▶ [Data for analysis]
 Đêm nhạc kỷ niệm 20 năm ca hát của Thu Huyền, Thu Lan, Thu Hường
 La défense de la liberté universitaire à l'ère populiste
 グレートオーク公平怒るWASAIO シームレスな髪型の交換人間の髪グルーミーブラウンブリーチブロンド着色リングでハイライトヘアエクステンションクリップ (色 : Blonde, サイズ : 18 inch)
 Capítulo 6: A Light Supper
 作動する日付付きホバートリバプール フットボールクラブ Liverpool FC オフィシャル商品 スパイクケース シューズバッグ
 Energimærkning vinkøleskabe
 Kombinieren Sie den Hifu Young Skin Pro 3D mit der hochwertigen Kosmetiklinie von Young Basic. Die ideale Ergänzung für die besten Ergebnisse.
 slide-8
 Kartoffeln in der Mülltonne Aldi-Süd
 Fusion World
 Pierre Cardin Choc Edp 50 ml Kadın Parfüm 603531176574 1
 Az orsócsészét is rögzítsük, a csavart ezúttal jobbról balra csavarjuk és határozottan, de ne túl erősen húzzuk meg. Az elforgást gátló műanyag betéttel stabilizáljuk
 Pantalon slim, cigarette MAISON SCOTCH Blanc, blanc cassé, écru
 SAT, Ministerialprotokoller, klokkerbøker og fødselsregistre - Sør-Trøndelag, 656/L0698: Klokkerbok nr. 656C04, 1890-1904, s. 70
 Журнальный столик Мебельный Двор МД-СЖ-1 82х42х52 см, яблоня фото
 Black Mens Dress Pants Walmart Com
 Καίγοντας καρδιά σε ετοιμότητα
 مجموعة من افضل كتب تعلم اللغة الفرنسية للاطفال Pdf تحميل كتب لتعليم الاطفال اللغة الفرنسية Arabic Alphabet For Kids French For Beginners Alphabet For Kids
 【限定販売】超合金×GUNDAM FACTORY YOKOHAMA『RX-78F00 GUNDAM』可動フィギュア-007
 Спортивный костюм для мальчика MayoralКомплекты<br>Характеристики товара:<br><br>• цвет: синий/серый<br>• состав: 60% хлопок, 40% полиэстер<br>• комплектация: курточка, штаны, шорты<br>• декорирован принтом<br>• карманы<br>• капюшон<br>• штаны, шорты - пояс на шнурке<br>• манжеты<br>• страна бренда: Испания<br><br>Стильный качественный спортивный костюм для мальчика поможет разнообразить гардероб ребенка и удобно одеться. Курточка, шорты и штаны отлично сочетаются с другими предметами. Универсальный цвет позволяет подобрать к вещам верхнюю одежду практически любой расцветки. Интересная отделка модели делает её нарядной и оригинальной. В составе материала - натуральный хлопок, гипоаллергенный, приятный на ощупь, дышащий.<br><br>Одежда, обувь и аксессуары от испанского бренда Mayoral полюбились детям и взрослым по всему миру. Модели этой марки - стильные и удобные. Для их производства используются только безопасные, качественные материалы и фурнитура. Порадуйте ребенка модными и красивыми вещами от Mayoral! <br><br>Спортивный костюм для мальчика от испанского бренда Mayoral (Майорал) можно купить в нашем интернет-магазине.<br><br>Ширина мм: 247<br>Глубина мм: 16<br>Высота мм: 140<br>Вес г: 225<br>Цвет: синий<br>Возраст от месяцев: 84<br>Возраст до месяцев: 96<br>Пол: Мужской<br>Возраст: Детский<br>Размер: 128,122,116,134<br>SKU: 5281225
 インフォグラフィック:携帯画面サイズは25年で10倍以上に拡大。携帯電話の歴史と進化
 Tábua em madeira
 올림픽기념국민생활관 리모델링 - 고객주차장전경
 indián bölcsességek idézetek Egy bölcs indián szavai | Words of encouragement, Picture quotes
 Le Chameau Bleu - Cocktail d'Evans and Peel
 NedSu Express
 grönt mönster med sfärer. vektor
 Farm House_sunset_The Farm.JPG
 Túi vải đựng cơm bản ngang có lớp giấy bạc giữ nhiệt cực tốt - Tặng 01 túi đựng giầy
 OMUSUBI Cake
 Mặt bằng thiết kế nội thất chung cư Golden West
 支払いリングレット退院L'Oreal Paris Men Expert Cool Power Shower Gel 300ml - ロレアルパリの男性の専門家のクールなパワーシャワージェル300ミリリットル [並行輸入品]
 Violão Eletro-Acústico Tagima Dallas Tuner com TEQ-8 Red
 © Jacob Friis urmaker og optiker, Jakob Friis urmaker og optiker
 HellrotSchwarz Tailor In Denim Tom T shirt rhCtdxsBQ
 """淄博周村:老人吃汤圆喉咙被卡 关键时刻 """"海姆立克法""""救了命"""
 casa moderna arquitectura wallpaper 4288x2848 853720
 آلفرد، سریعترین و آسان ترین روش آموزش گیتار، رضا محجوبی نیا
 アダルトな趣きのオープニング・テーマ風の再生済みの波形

▶ [Exercise aim]
Line by line, write out the records above exactly.

▶ [Output of the exercise]
 Đêm nhạc kỷ niệm 20 năm ca hát của Thu Huyền, Thu Lan, Thu Hường
 La défense de la liberté universitaire à l'ère populiste
 グレートオーク公平怒るWASAIO シームレスな髪型の交換人間の髪グルーミーブラウンブリーチブロンド着色リングでハイライトヘアエクステンションクリップ (色 : Blonde, サイズ : 18 inch)
 Capítulo 6: A Light Supper
 作動する日付付きホバートリバプール フットボールクラブ Liverpool FC オフィシャル商品 スパイクケース シューズバッグ
 Energimærkning vinkøleskabe
 Kombinieren Sie den Hifu Young Skin Pro 3D mit der hochwertigen Kosmetiklinie von Young Basic. Die ideale Ergänzung für die besten Ergebnisse.
 slide-8
 Kartoffeln in der Mülltonne Aldi-Süd
 Fusion World
 Pierre Cardin Choc Edp 50 ml Kadın Parfüm 603531176574 1
 Az orsócsészét is rögzítsük, a csavart ezúttal jobbról balra csavarjuk és határozottan, de ne túl erősen húzzuk meg. Az elforgást gátló műanyag betéttel stabilizáljuk
 Pantalon slim, cigarette MAISON SCOTCH Blanc, blanc cassé, écru
 SAT, Ministerialprotokoller, klokkerbøker og fødselsregistre - Sør-Trøndelag, 656/L0698: Klokkerbok nr. 656C04, 1890-1904, s. 70
 Журнальный столик Мебельный Двор МД-СЖ-1 82х42х52 см, яблоня фото
 Black Mens Dress Pants Walmart Com
 Καίγοντας καρδιά σε ετοιμότητα
 مجموعة من افضل كتب تعلم اللغة الفرنسية للاطفال Pdf تحميل كتب لتعليم الاطفال اللغة الفرنسية Arabic Alphabet For Kids French For Beginners Alphabet For Kids
 【限定販売】超合金×GUNDAM FACTORY YOKOHAMA『RX-78F00 GUNDAM』可動フィギュア-007
 Спортивный костюм для мальчика MayoralКомплекты<br>Характеристики товара:<br><br>• цвет: синий/серый<br>• состав: 60% хлопок, 40% полиэстер<br>• комплектация: курточка, штаны, шорты<br>• декорирован принтом<br>• карманы<br>• капюшон<br>• штаны, шорты - пояс на шнурке<br>• манжеты<br>• страна бренда: Испания<br><br>Стильный качественный спортивный костюм для мальчика поможет разнообразить гардероб ребенка и удобно одеться. Курточка, шорты и штаны отлично сочетаются с другими предметами. Универсальный цвет позволяет подобрать к вещам верхнюю одежду практически любой расцветки. Интересная отделка модели делает её нарядной и оригинальной. В составе материала - натуральный хлопок, гипоаллергенный, приятный на ощупь, дышащий.<br><br>Одежда, обувь и аксессуары от испанского бренда Mayoral полюбились детям и взрослым по всему миру. Модели этой марки - стильные и удобные. Для их производства используются только безопасные, качественные материалы и фурнитура. Порадуйте ребенка модными и красивыми вещами от Mayoral! <br><br>Спортивный костюм для мальчика от испанского бренда Mayoral (Майорал) можно купить в нашем интернет-магазине.<br><br>Ширина мм: 247<br>Глубина мм: 16<br>Высота мм: 140<br>Вес г: 225<br>Цвет: синий<br>Возраст от месяцев: 84<br>Возраст до месяцев: 96<br>Пол: Мужской<br>Возраст: Детский<br>Размер: 128,122,116,134<br>SKU: 5281225
 インフォグラフィック:携帯画面サイズは25年で10倍以上に拡大。携帯電話の歴史と進化
 Tábua em madeira
 올림픽기념국민생활관 리모델링 - 고객주차장전경
 indián bölcsességek idézetek Egy bölcs indián szavai | Words of encouragement, Picture quotes
 Le Chameau Bleu - Cocktail d'Evans and Peel
 NedSu Express
 grönt mönster med sfärer. vektor
 Farm House_sunset_The Farm.JPG
 Túi vải đựng cơm bản ngang có lớp giấy bạc giữ nhiệt cực tốt - Tặng 01 túi đựng giầy
 OMUSUBI Cake
 Mặt bằng thiết kế nội thất chung cư Golden West
 支払いリングレット退院L'Oreal Paris Men Expert Cool Power Shower Gel 300ml - ロレアルパリの男性の専門家のクールなパワーシャワージェル300ミリリットル [並行輸入品]
 Violão Eletro-Acústico Tagima Dallas Tuner com TEQ-8 Red
 © Jacob Friis urmaker og optiker, Jakob Friis urmaker og optiker
 HellrotSchwarz Tailor In Denim Tom T shirt rhCtdxsBQ
 """淄博周村:老人吃汤圆喉咙被卡 关键时刻 """"海姆立克法""""救了命"""
 casa moderna arquitectura wallpaper 4288x2848 853720
 آلفرد، سریعترین و آسان ترین روش آموزش گیتار، رضا محجوبی نیا
 アダルトな趣きのオープニング・テーマ風の再生済みの波形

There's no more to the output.